A social media frenzy?

  • We always have to step back and figure out what we know versus what people are talking about.
  • Not uncommonly, I get questions about an outbreak of X disease and ultimately nothing unique is happening.  Sometimes, a few routine cases get blown out of proportion online.  Sometimes, we hear more about cases that occur routinely in the background, just because people start talking about them.
  • Reports of a large number of sick dogs could truly be an abnormally large number of sick dogs, or it could be the typical number of dogs that are sick but that no one usually talks about. This could also be a situation where there is a small outbreak of parvo in dogs in one area, but lots of dogs with unrelated GI disease are getting lumped in with them, which confuses the issue.

How can dog owners protect their dogs? Especially if they live in or are traveling to Michigan.

It’s mainly common-sense measures and the same things I’d recommend for any area at any time:

  • Make sure your dog is probably vaccinated against parvovirus (and other vaccine-preventable diseases)
  • Keep your dog away from dogs that might be sick
  • Limit contact with other dogs, especially large numbers of dogs and transient populations of dogs that are unfamiliar to you and of unknown disease / vaccination status.

As I mentioned, we typically recommend vaccinating puppies for parvovirus every 4 weeks until 16-20 weeks of age. In shelters, the recommendation is often every 2 weeks because of the increased risk. We have confidence that a vaccine given at 16+ weeks of age will be effective in the vast majority of dogs. At that point, it’s a bit case-by-case.
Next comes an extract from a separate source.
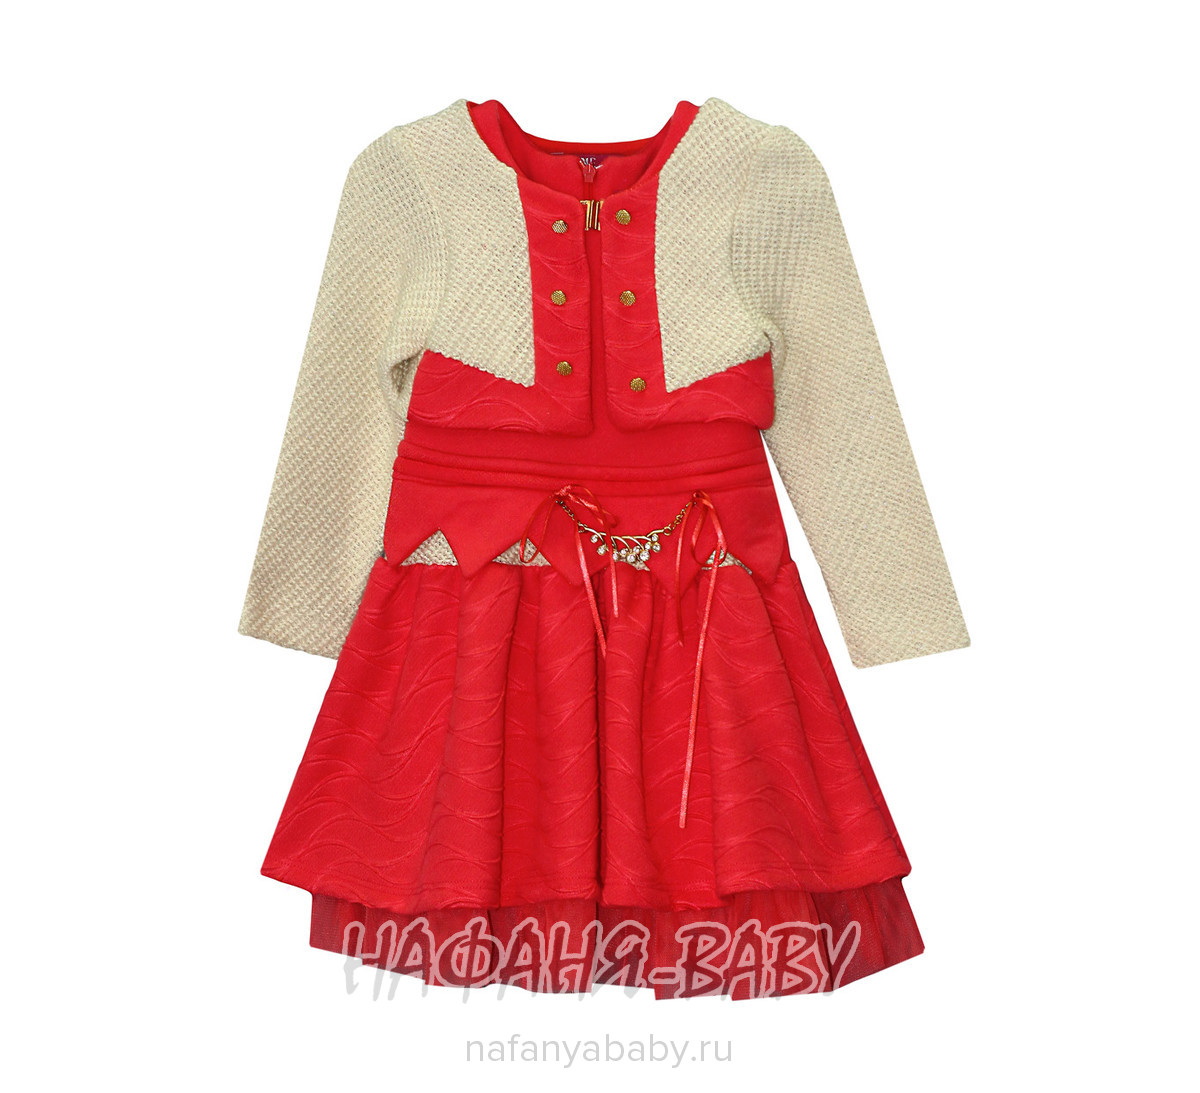 Детское нарядное платье+болеро FI & ME, купить в интернет магазине Нафаня. арт: 6002, цвет коралловый.

Dogs might get one more dose 2-4 weeks later, especially if they are at higher risk of exposure (e.g. lots of parvo in the area, lots of contact with other dogs and dogs of unknown health status) or we might stop the initial series at that point.  Dogs then get a booster 1 year later, then go on an every-3-year schedule.  The key is getting things started off right.  Proper vaccination of puppies is key to preventing this potentially devastating disease.